Ailenin huzur ve saadeti için…

Evlilik hem erkeği, hem de kadını mutlu eden mukaddes bir beraberliktir. Uzmanlar diyorlar ki:

“Depresyon
içindeki bir kadına reçete yazmak istiyorsanız, onu evlendiriniz, çocuk
sahibi yapınız. Bir erkeği de mesut etmek istiyorsanız aynı şeyi onun
için de yapınız…”
Bugün bilhassa Batı’da insanın cenneti
diyebileceğimiz bu sıcak yuva, yani aile hayatı tahrip
edilmektedir… Kadın, çalışmak için her gün dışarı çıkınca, başta
kendisini, sonra çocuklarını ve diğer aile fertlerini huzursuz
etmektedir.
Washington Üniversitesinin araştırması sonucuna
göre, Amerika’da evliler arasında depresyon geçiren çalışan kadınların
sayısı, erkeklerin iki katıdır.
Kadın zaten zayıf ve nazik bir
varlıktır. Ev işleri ve çocukların bakımı ona yetip artarken, bir de
dışarıda bir meslek ve memuriyette çalışması onu iyice yormakta ve
huzurunu yok etmektedir.
Çalışan anne sabahları çocuklarını
terk ederken suçluluk duymaktadır. İçinde bulunduğumuz asırda kadınların
evlilikten kaçmalarının belki de en büyük sebebi bu olabilir.
Annenin
her gün evi dışında çalışmasından doğan önemli meselelerden biri de
çocukların gerekli bakım ve şefkatten mahrum kalmasıdır. Çocukların gıda
kadar anne şefkatine de ihtiyaçları vardır.
Genel inanışa
göre kadınlar, para kazanmak, dolayısıyla aile ihtiyaçlarını temin için
çalışıyorlar. Halbuki yapılan araştırmalara göre çalışan annelerin yüzde
84’ünün asıl gayesi para değil tahsilini ve sanatını kullanabilmenin
doğurduğu arzunun tatminidir…
***
Dinimiz kadının
çalışmasına belli şartlar dahilinde ve zorunlu durumlarda müsaade
etmektedir. Ailenin, çocukların nafakasını temin etmeyi de erkeğe farz
kılmıştır.
Erkekler kadınlardan daha güçlü yaratılmışlardır.

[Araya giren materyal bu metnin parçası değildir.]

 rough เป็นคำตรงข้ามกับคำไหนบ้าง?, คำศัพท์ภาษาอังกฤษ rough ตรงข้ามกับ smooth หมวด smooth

Erkeklerin vazifesi para kazanmak, eşinin ve çocuklarının geçimini temin
etmektir. Kadının en önemli görevi ise evinde ev işleri ile ve
yavrularının terbiyesi ile meşgul olmasıdır.
Erkekler,
kadınlara ait bu görevi onlar kadar mükemmel yapamıyorlar. Kadınlar
erkeklere nazaran daha şefkatli, daha zarif ve daha hislidir.
Erkekler
ev işlerinde hanımları kadar başarılı olamadıkları gibi hanımlar da
dışarıdaki çalışma hususunda erkekler kadar elverişli olamazlar.
Kadınlar,
iş yerlerindeki bir işe kendilerini ne kadar vermeye çalışırlarsa
çalışsın, ev işlerinin kendisine ait olduğu hissini üzerinden atamazlar.

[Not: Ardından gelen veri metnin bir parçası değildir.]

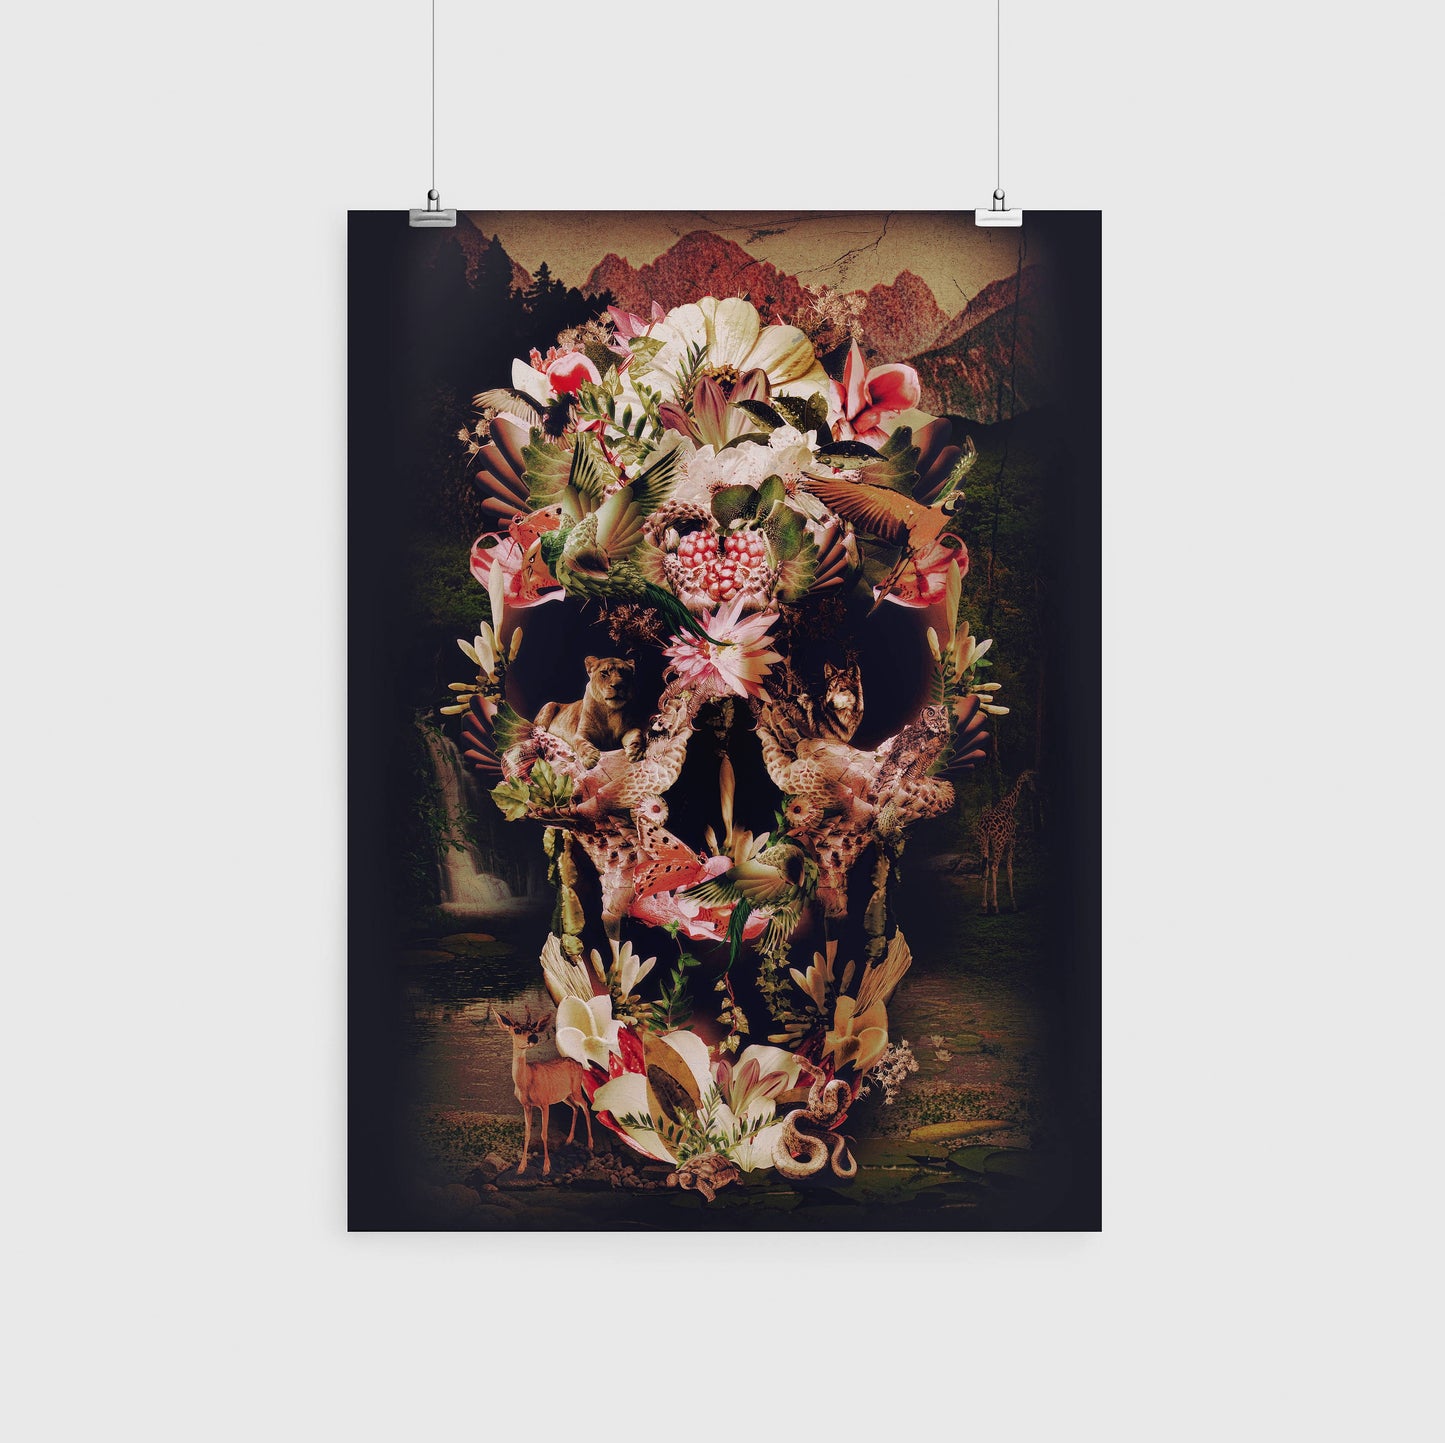 Flower Skull Prints, Set Of 3 Skull Home Decor, Nature Skull Poster Set, Sugar Skull Wall Art Gift, Dark Gothic Floral Skull Art Print Decor

O evdeki problemlerine iş yerindekinden daha çok önem verirler.
Kadın
ve erkek eşit haklara sahiptir, fakat yaratılışta eşit değillerdir. Çok
farklı yaratılışları vardır. Birbirine muhtaç; biri olmadan diğeri
eksik varlıklardır. Yani onlar bir yuvada bütünleşen, birbirini
tamamlayan farklı yarımlardır. 
İyi bir evlilik, hem erkeğe
hem de kadına huzur ve saâdet getiren ve mutluluk veren bir hadisedir.
Bu mutluluğun devâmı için kadınlara fazla yük yüklememek gerekir.

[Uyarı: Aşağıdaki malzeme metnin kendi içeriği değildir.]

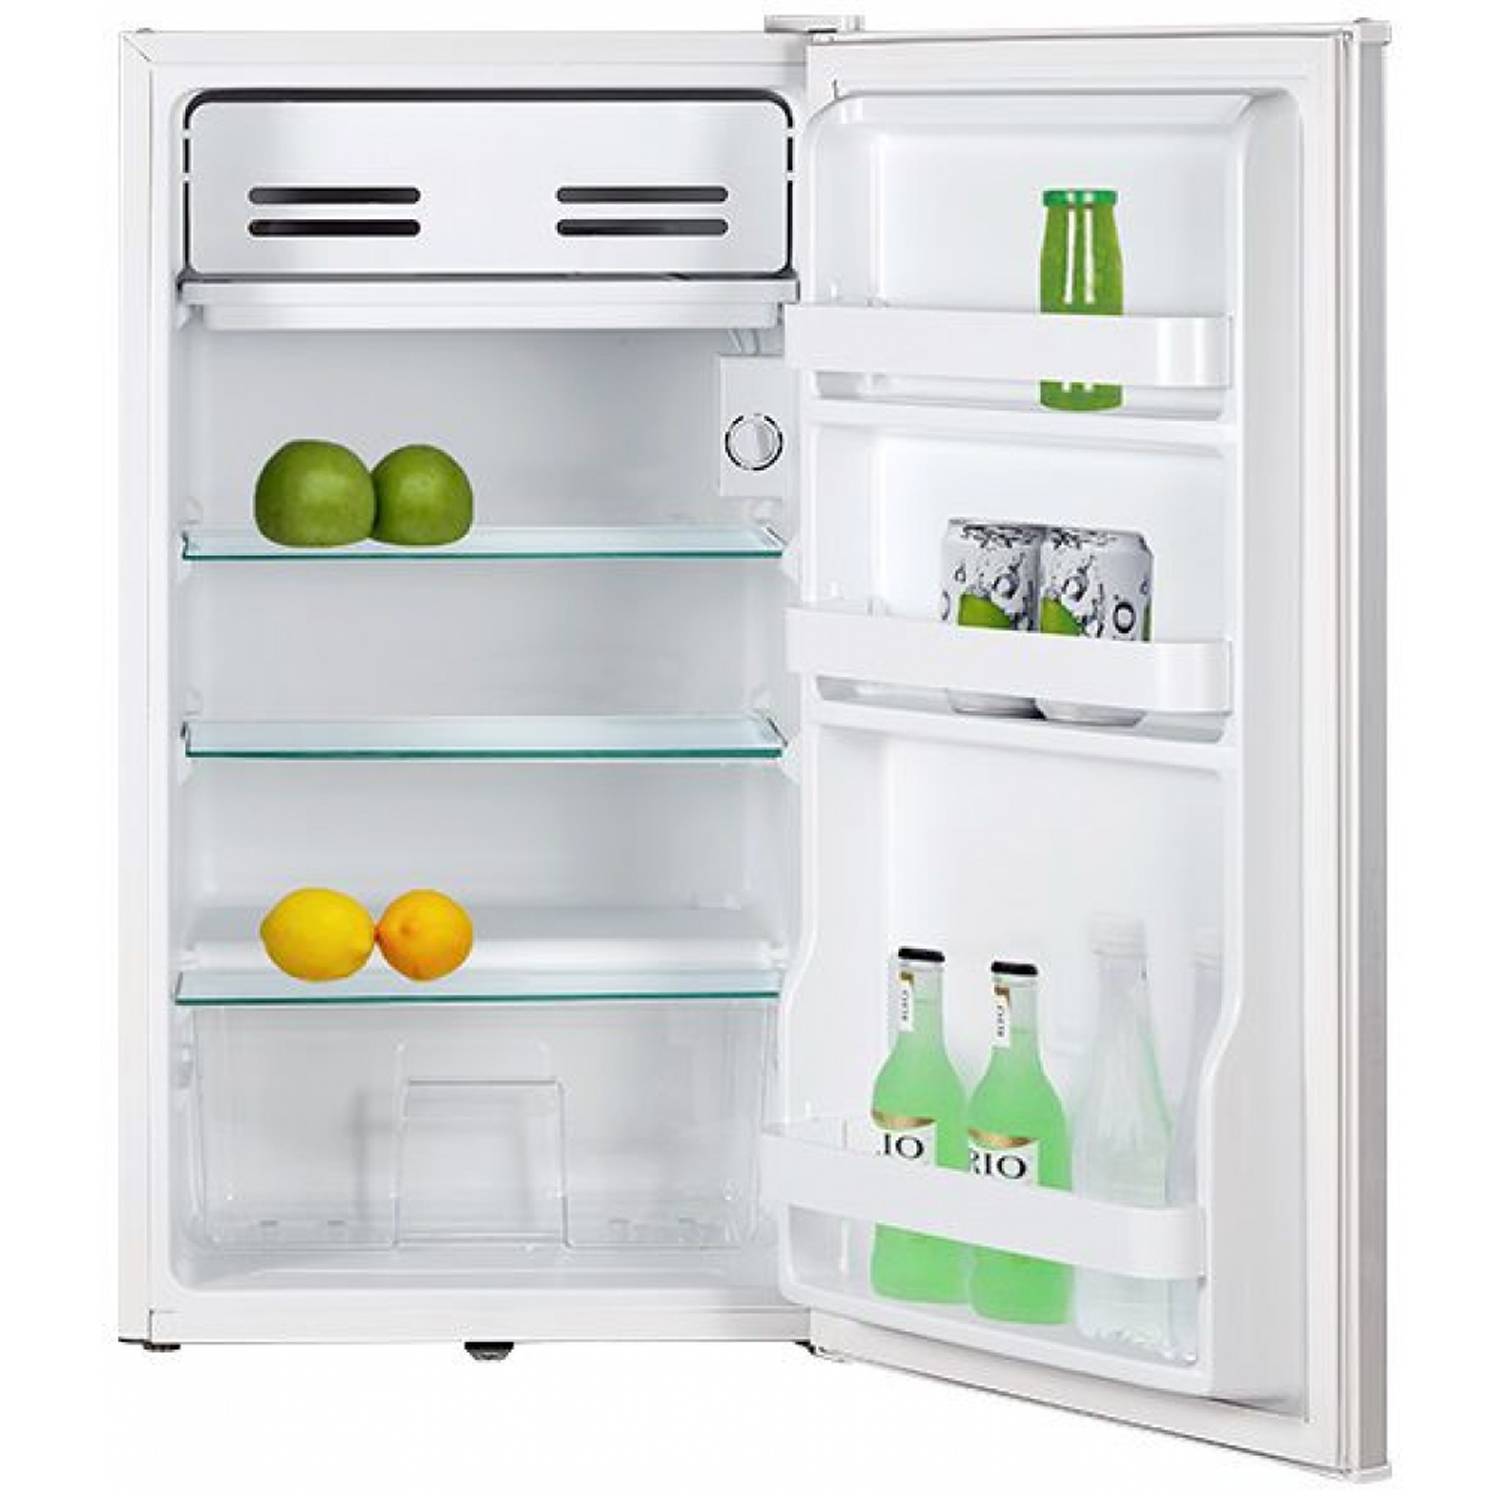 Однокамерный холодильник: описание, плюсы и минусы, топ-7

Çocuğu dokuz ay karnında taşıması, kendi canından beslemesi, doğurması, doğum zamanında hayati tehlike atlatması ona yetmez mi?
Doğumla
da iş bitmiyor, bebeğini emzirmesi, sabahlara kadar başında beklemesi,
bakımı ve temizliğini yapması da anneye aittir. Onlardan daha ne
istiyoruz?

Comments are closed.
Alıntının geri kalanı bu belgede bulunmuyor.